I haven’t even got to that yet. How rude of Keeper; you’re all still back at the check-in desk. Some murders happen; is that enough for you? That’s all you’re getting with Identity as this is one film you must unravel for yourself. We’re safely in murder mystery confines here and it keeps its intrigue right up to its polarizing conclusion. Some people despise the ending and I get that, but it doesn’t mean that I necessarily agree. It attempts to think outside of the box and I applaud such endeavor, whether or not I felt a little cheated. Big whoop; isn’t murder mystery all about getting your bottom spanked anyways? No major complaints here.
The one character I haven’t yet celebrated is undoubtedly the real jewel in the crown for Keeper.

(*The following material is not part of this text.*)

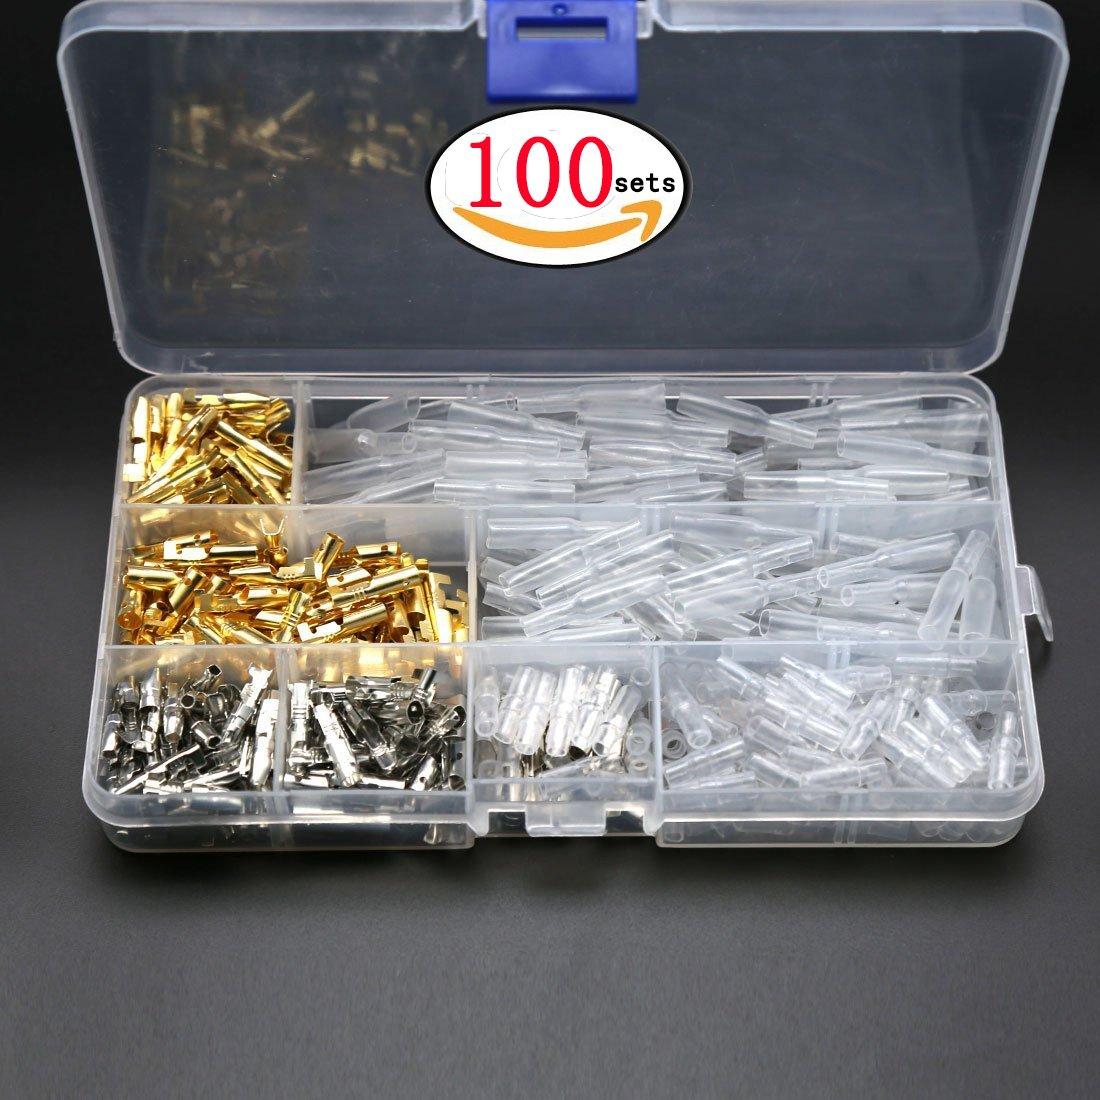 100sets 3.9 MMワイヤコネクタ断熱材でカバー真鍮Bulletオス&メスターミナルbox-packed B07C6FL8CZ
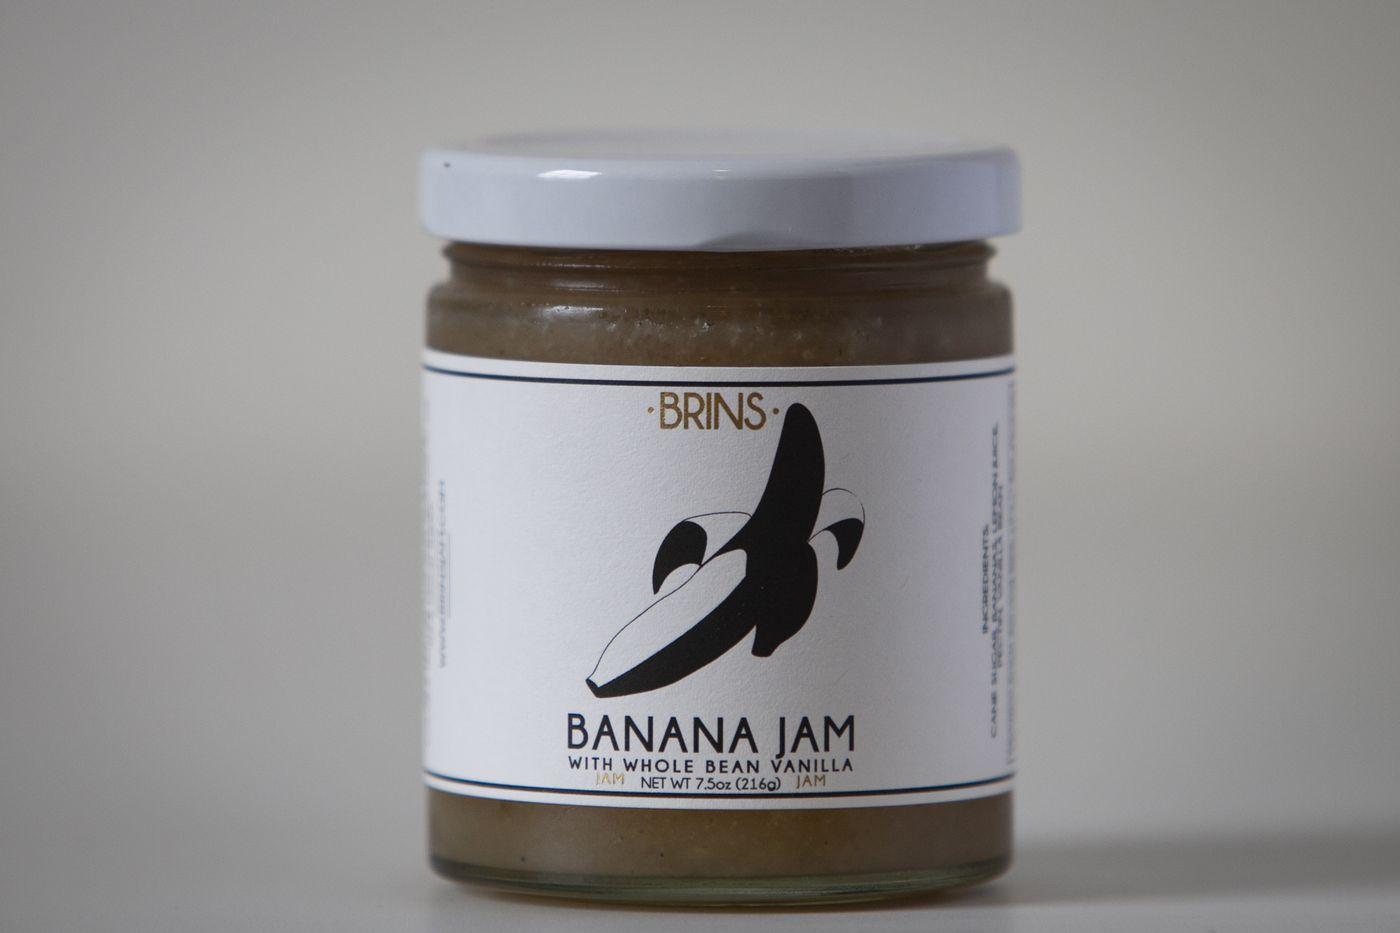 Try a peanut butter and banana jam sandwich

The motel itself is grungy, ramshackled, and an ideal locale for a dash of mostly harmless midnight murder. Cinematographer Phedon Papamichael Jr. captures the gloom well, particularly with the light and shade at his disposal, and the film builds a stellar head of steam as each character’s identity becomes more clouded. As a collective, our protagonists and setting combine to excellent effect and Identity gets it bang on the money far more often than not.
Follow the subtext and watch closely for clues as you will be rewarded at least in part for such detective work. It doesn’t boast the complexity of vintage Christie but I’d still rather watch Psycho II than Psycho, regardless of which is the “better film”. Movies such as Identity are sadly too few and far between nowadays as the whole whodunnit concept is seen as a little long in the tooth. Mangold’s film may not be high art and perhaps it isn’t quite as clever as it thinks it is either, but it is solid, expertly played, atmospheric, and above all else insular, so what else could we possibly need? By the way, I think I have sussed it out. It was Mrs. White in the billiard room with the lead pipe. I caught the bitch red-handed. Whatever you do, don’t eat her macaroons.
Crimson Quill’s Judgement: 8/10
Grue Factor: 2/5
For the Grue-Guzzlers: Splatter is never the focus and instead intermittent bursts of harsh violence punctuate the quietude. When called for, Robert Kurtzman and Greg Nicotero predictably come up with the grisly goods.